American NASA researcher and manager

Charles Joseph Donlan (July 15, 1916 – September 28, 2011) was an American NASA researcher and manager, who was involved in the development of its facilities and research techniques, and the formulation, implementation, and direction of technical programs in support of crewed and uncrewed space exploration.

== Early life and career ==
Donlan was born in Lawrence, Massachusetts, on July 15, 1916. He was educated at public schools in North Andover, Massachusetts, and earned a Bachelor of Science degree in aeronautical engineering, from Massachusetts Institute of Technology, in June 1938. He was offered a position at the National Advisory Committee for Aeronautics (NACA), the forerunner of the National Aeronautics and Space Administration (NASA), by John Victory, its Executive Secretary.

Donlan moved to Hampton, Virginia, and joined NACA's Langley Memorial Aeronautical Laboratory, where he worked for two years in the 15 ft Free-Spinning Tunnel that had been designed by Charles H. Zimmerman. He then spent a year working with Robert T. Jones.

During World War II Donlan was involved in the design and operation of two new 7 by 10 ft tunnels, and rose to become director of the facility from 1945 to 1952. He made contributions to the science and engineering of the swept wing, investigating and solving the pitch-up problems that affected the early swept-wing fighters, and developed a variable swept wing for the Bell X-1. He was also involved in the development of fighters such as the Vought F-8 Crusader.
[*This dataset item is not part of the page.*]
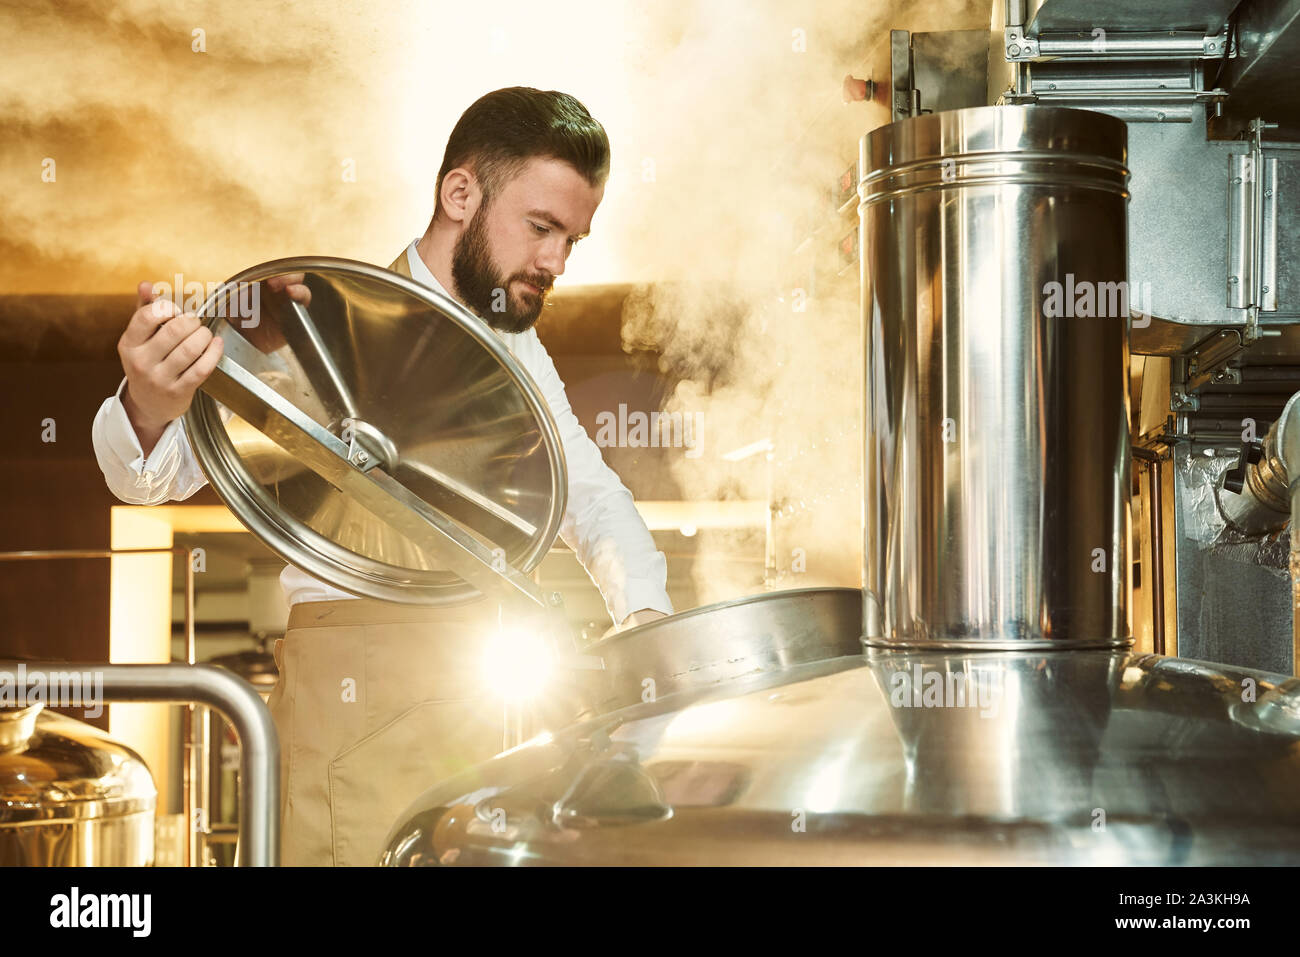 Brewery specialist opening cover of brew kettle, looking down. Engineer inspecting process of brewing beer with steam. Concept of modern bavaria. Stock Photo

Donlan represented Langley as a member of the NACA Research Airplane Panel, which oversaw the X-15 program. He also served as technical assistant to Langley's director, Floyd L. Thompson. When the Space Task Group (STG) was formed in 1958, Thompson asked Donlan to become its deputy head, under Robert R. Gilruth. Donlan was given the task of recruiting and training astronauts for Project Mercury, who became the Mercury Seven. He was also in charge of the STG team that evaluated the tenders for the Mercury spacecraft, which was awarded to McDonnell Aircraft.

In 1960, Donlan left the STG to become the Associate Director at Langley. He became Deputy Director in 1967. As such, he oversaw the Lunar Orbiter Project. On May 1, 1968, he became Deputy Associate Administrator for Manned Space Flight (Technical) at NASA Headquarters in Washington, D.C. From November 1970 to April 1973 he was the Director of the Space Shuttle Program. He retired from NASA in 1976, and became a consultant with the Institute for Defense Analyses.
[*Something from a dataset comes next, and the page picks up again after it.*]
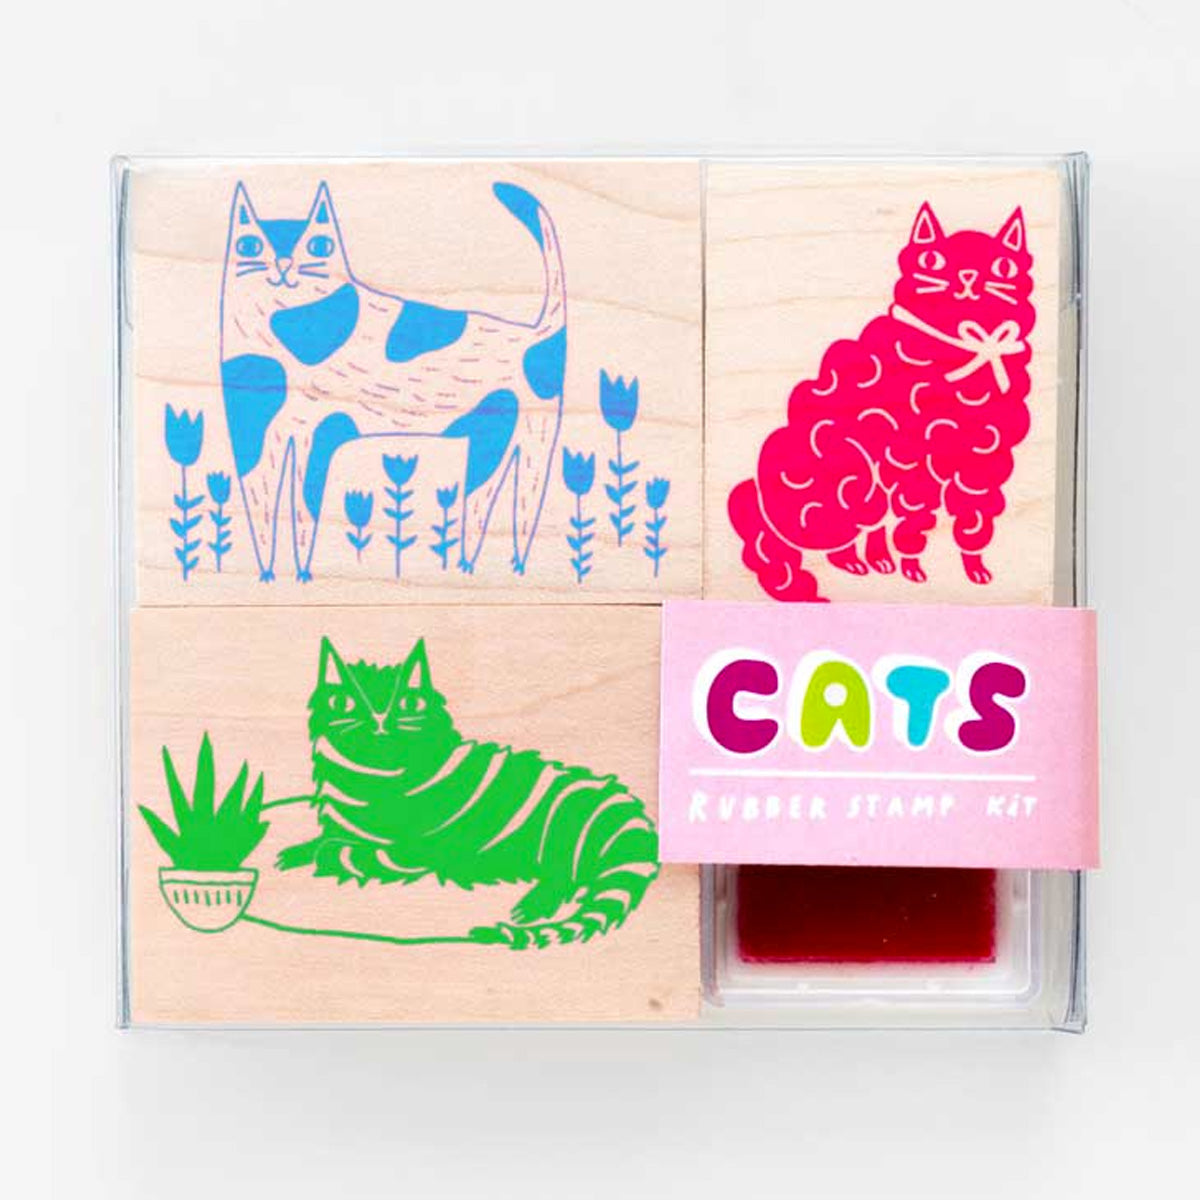 Three different rubber stamp images of cats with a neon pink ink pad

== Later life and death ==
During his long career at NASA, Donlan received many honors and awards, including the NASA Outstanding Leadership Medal in 1963, the Special Award for Outstanding Leadership in 1968, the NASA Distinguished Service Medal in 1971, the NASA Exceptional Performance Award in 1976, and the NASA Exceptional Service Medal in 1976. He became a member of the Tau Beta Pi Association in 1938, and was a fellow of the American Institute for Aeronautics. He received the Randolph Lovelace II Award from the American Astronautical Society in 1976 and the Eugen Sanger Medal Award from the German Society for the Promotion of Aeronautics in 1977, and was awarded an honorary Doctor of Aeronautical Engineering from Ohio Northern University in 1972.
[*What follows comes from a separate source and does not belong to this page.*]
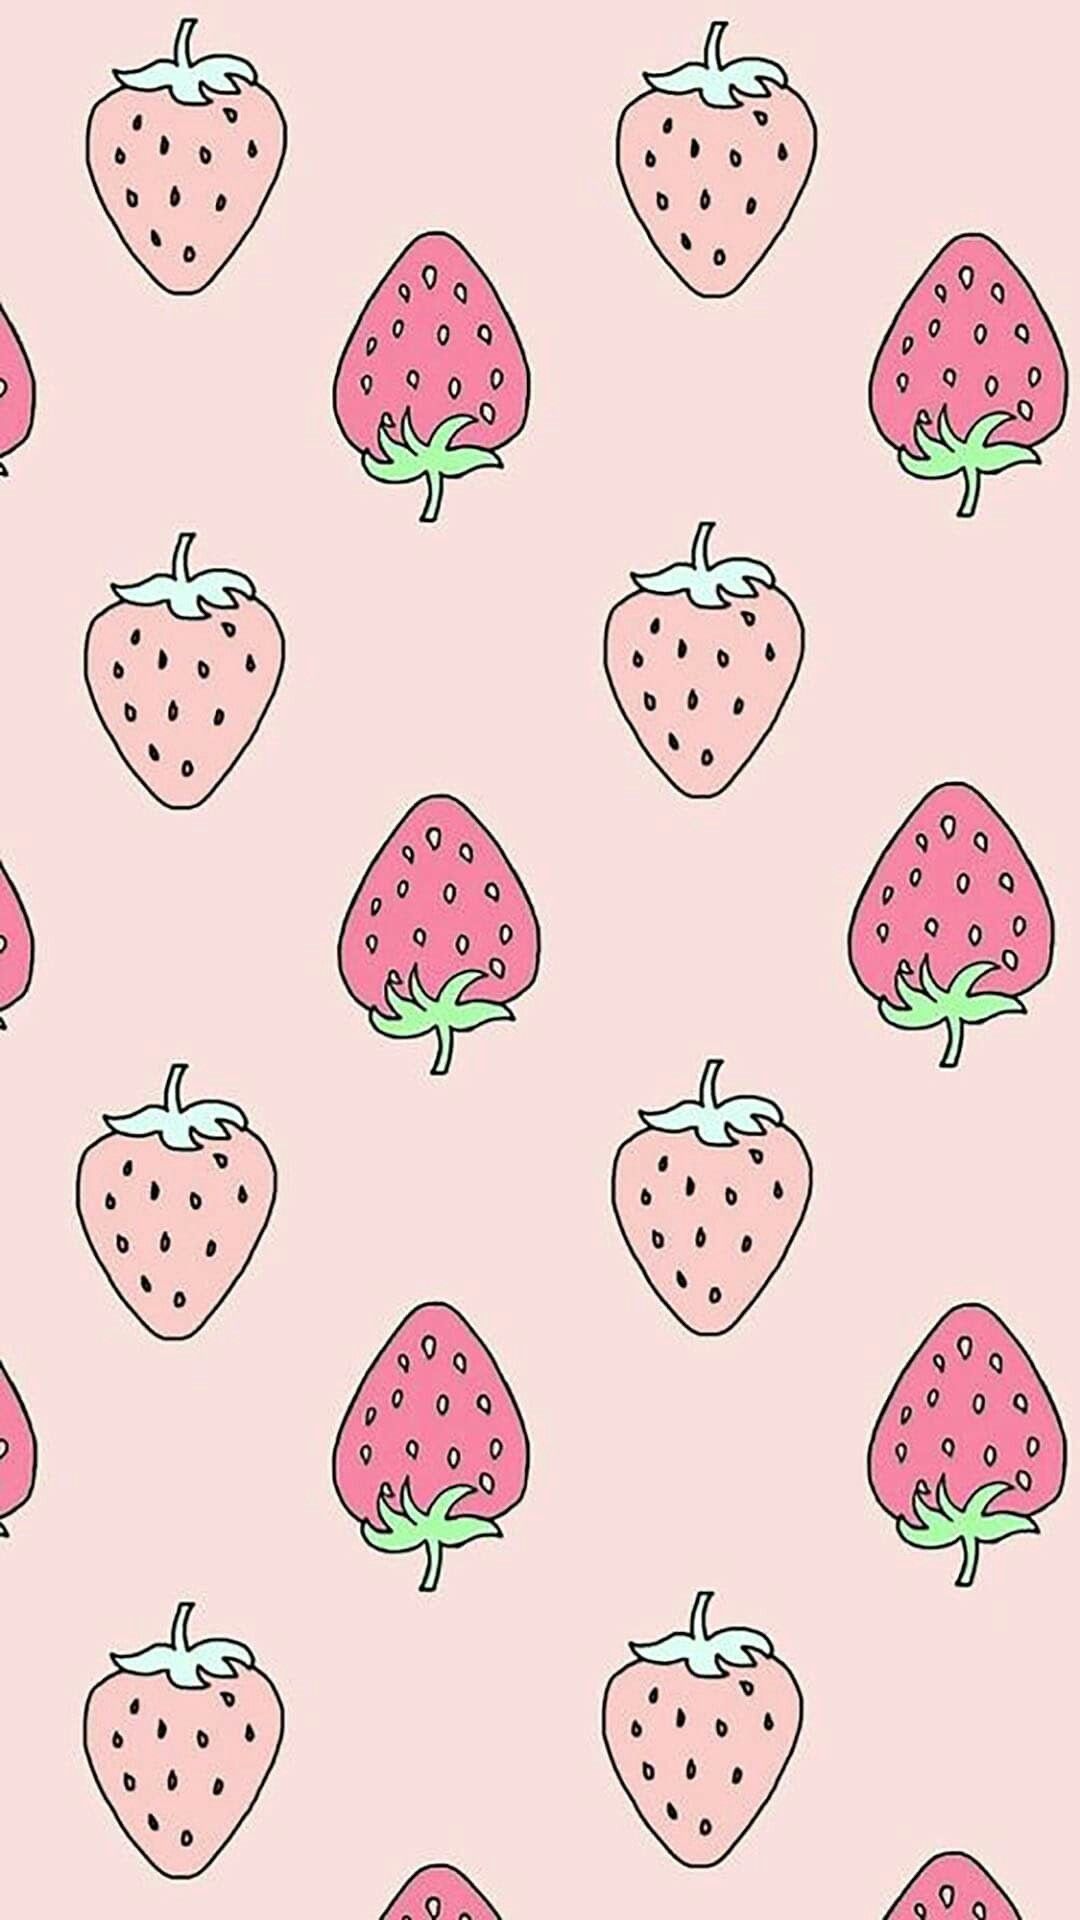 Strawberry Fruit And Flowers On A Pink Background by Stocksy Contributor  Ruth Black  Purple flower background Strawberry background Fruit  wallpaper

Donlan lived in Alexandria, Virginia, from 1968 to 1998, and then in Virginia Beach, Virginia, until 2005, when he moved to Patriots Colony in Williamsburg, Virginia. He died there on September 28, 2011. He was survived by his son Charles J. Donlan II. His wife predeceased him, as had his other son, Richard M. Donlan, who was killed in Bình Thuận province on February 28, 1969, during the Vietnam War.